FLT3, encoding the FMS-like tyrosine kinase 3 (FLT3), is one of the most commonly mutated genes in acute leukemia, with ∼30% of acute myeloid leukemia (AML) and ∼5% of pediatric B-cell precursor (BCP) acute lymphoblastic leukemia (ALL) displaying mutations.1  FLT3 is a class III receptor tyrosine kinase that is primarily expressed in the bone marrow, in particular on CD34+ hematopoietic stem and early progenitor cells.1  Upon binding of the FL ligand, FLT3 dimerizes and tyrosine residues in the tyrosine kinase domains become autophosphorylated. This results in downstream activation of the phosphatidylinositol 3-kinase/AKT-, RAS/MAPK-, and STAT5-signaling pathways and, subsequently, in increased proliferation and reduced apoptosis.1  The majority of mutations are either internal tandem duplications (ITDs) of the juxtamembrane domain, most common in AML, or activating tyrosine kinase domain mutations, both of which lead to constitutive activation of the FLT3 receptor. Furthermore, high FLT3 expression is seen in some leukemic subtypes regardless of mutational status, for example, in ALL with high hyperdiploidy (51-67 chromosomes).2,3 

We have previously reported recurrent somatic hemizygous 13q12.2 microdeletions in childhood BCP ALL, with currently unknown effects.4,5  The only gene in the deleted region is PAN3, which encodes the regulatory subunit of the poly(A)-nuclease (PAN) deadenylation complex (PAN2-PAN3 complex). PAN3 has not previously been implicated in cancer apart from in a single case of myelodysplastic syndrome with a PAN3/PSMA2 fusion.6  However, the 13q12.2 deletions are also located immediately 5′ of FLT3 and we therefore hypothesized that they may affect its expression.

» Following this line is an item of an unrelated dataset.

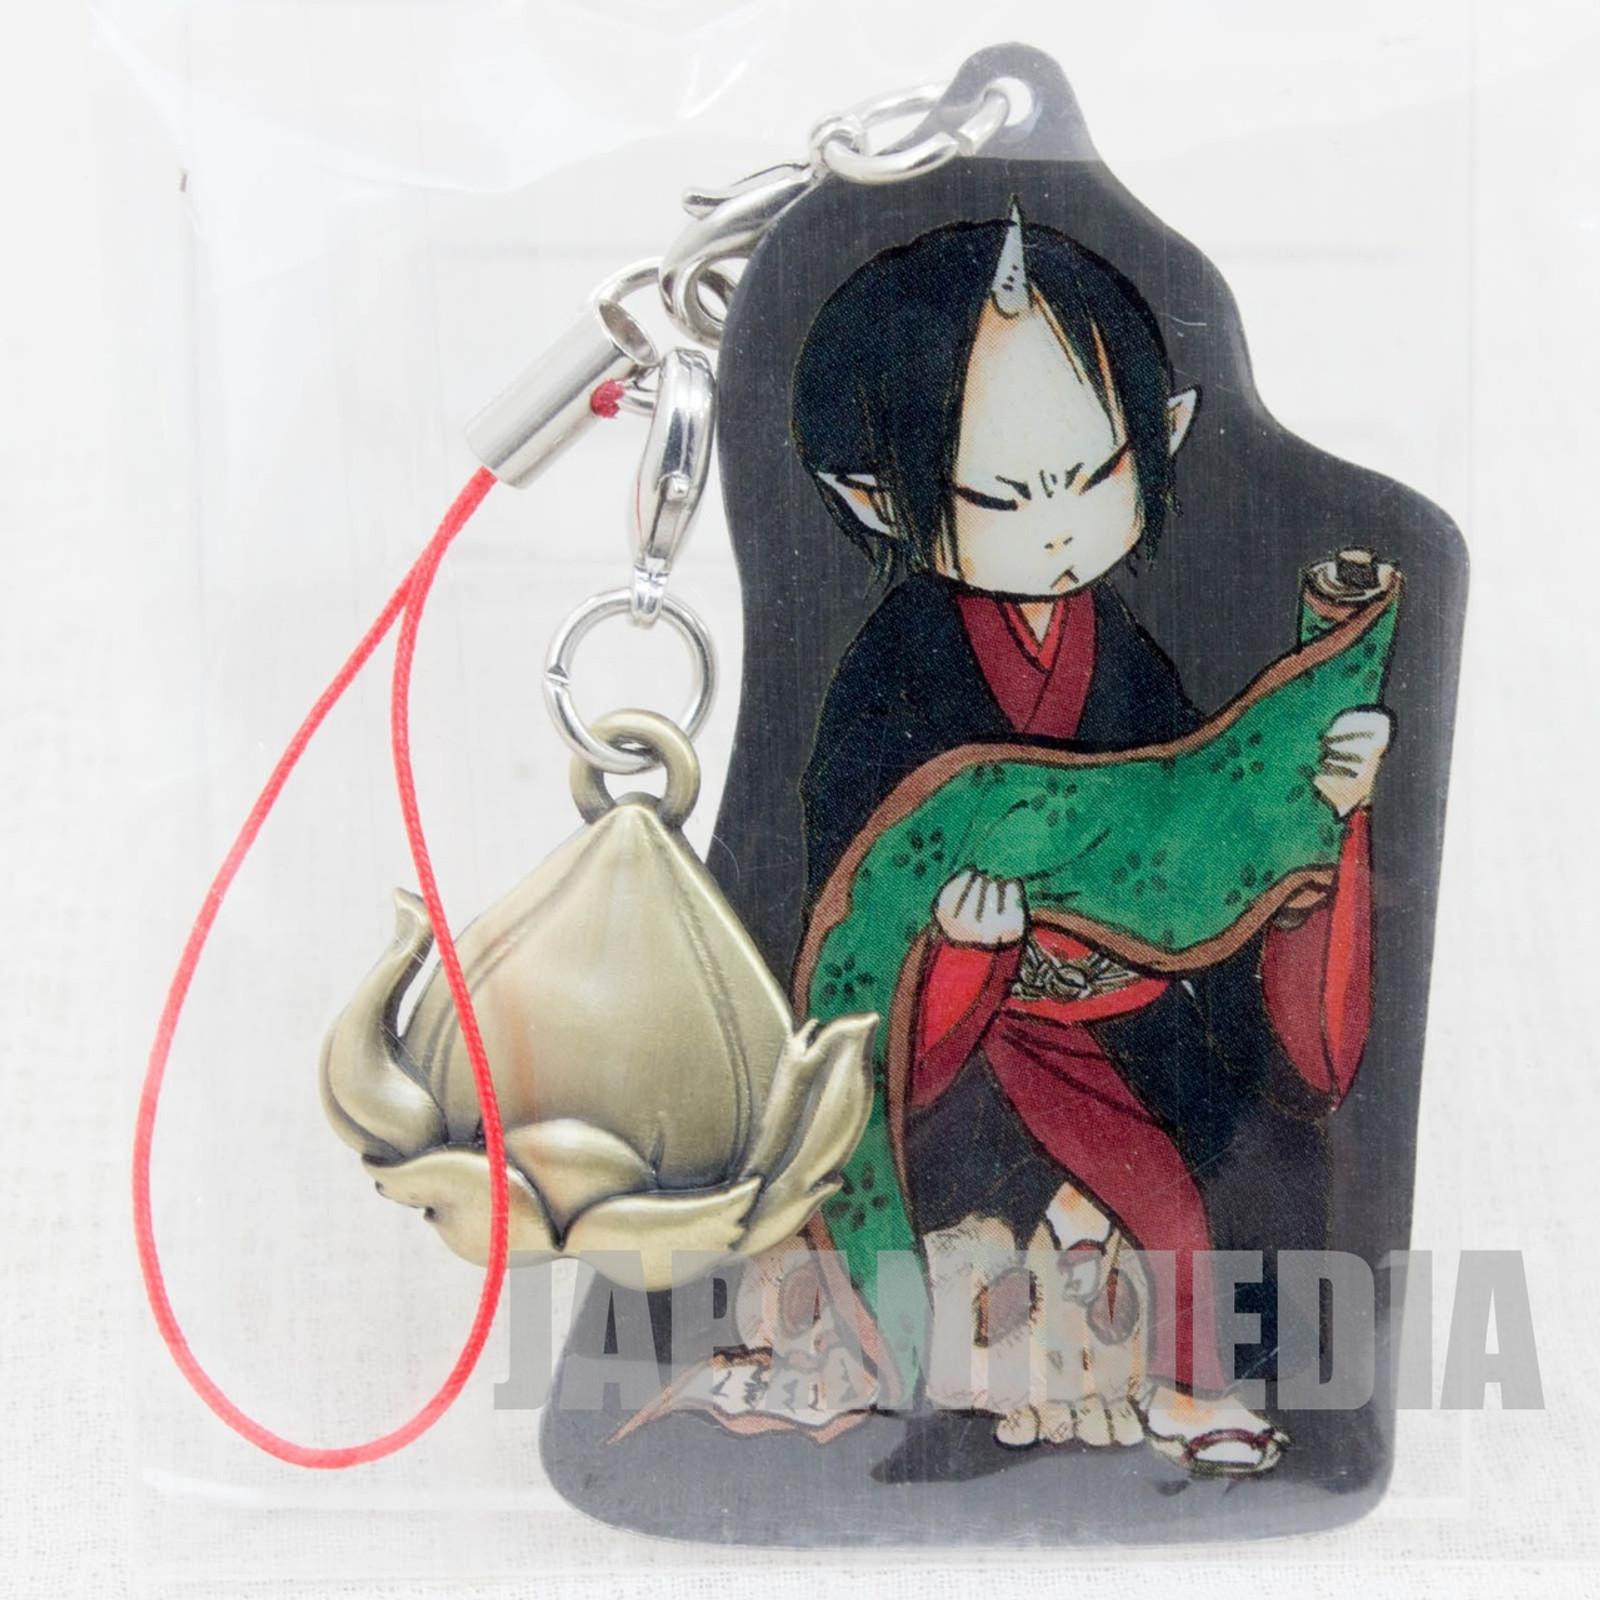 Hozuki no Reitetsu Hozuki Metal Plate Mascot Strap JAPAN ANIME MANGA

Indeed, here we show that 13q12.2 deletions in ALL lead to upregulation of FLT3 expression by inducing cis interactions between the FLT3 promoter and an enhancer element located distally to the deleted region. Our study thus reveals a novel mechanism of FLT3 involvement in leukemogenesis.

Patients and methods

Patient cohorts

A total of 1418 BCP ALL cases from 5 different patient cohorts were included in the investigation (supplemental Figure 1, available on the Blood Web site). The Lund discovery cohort (cohort 1) is an expansion of a previously published series consisting of 276 cases genotyped by Illumina BeadChips (Illumina, San Diego, CA) or CytoScan HD single-nucleotide polymorphism (SNP) arrays (Affymetrix/Thermo Fisher Scientific, Waltham, MA).7  The Therapeutically Applicable Research to Generate Effective Treatments (TARGET) program (https://portal.gdc.cancer.gov/projects; dbGAP accession number phs000464) ALL phase 2 discovery cohort (cohort 2) comprises 783 cases genotyped by the Affymetrix Genome-Wide Human SNP Array 6.0. Three validation cohorts, including high-hyperdiploid ALL cases only, were also included: cohort 3 (n = 123)8  genotyped by Affymetrix CytoScan HD array; cohort 4 (n = 97)9  genotyped by Illumina BeadChips; and cohort 5, the TARGET ALL phase 2 validation cohort (n = 139), genotyped by whole-exome sequencing (WES). Informed consent was obtained according to the Declaration of Helsinki and the study was approved by the Ethics Committee of Lund University.

SNP array data analysis

Illumina (.idat files) and Affymetrix (.CEL files) intensity files were analyzed by GenomeStudio v2011.1 (Illumina) and PennCNV (1.0.5),10  respectively. Copy-number alterations (CNAs) were called with TAPS11  and manually reviewed in GenomeStudio or Chromosome Analysis Suite (v3.3). The 13q12.2 deletion allele frequency was estimated by dividing the median log R ratio of SNPs across the deleted region with the median log R ratio of all chromosome 13 SNPs.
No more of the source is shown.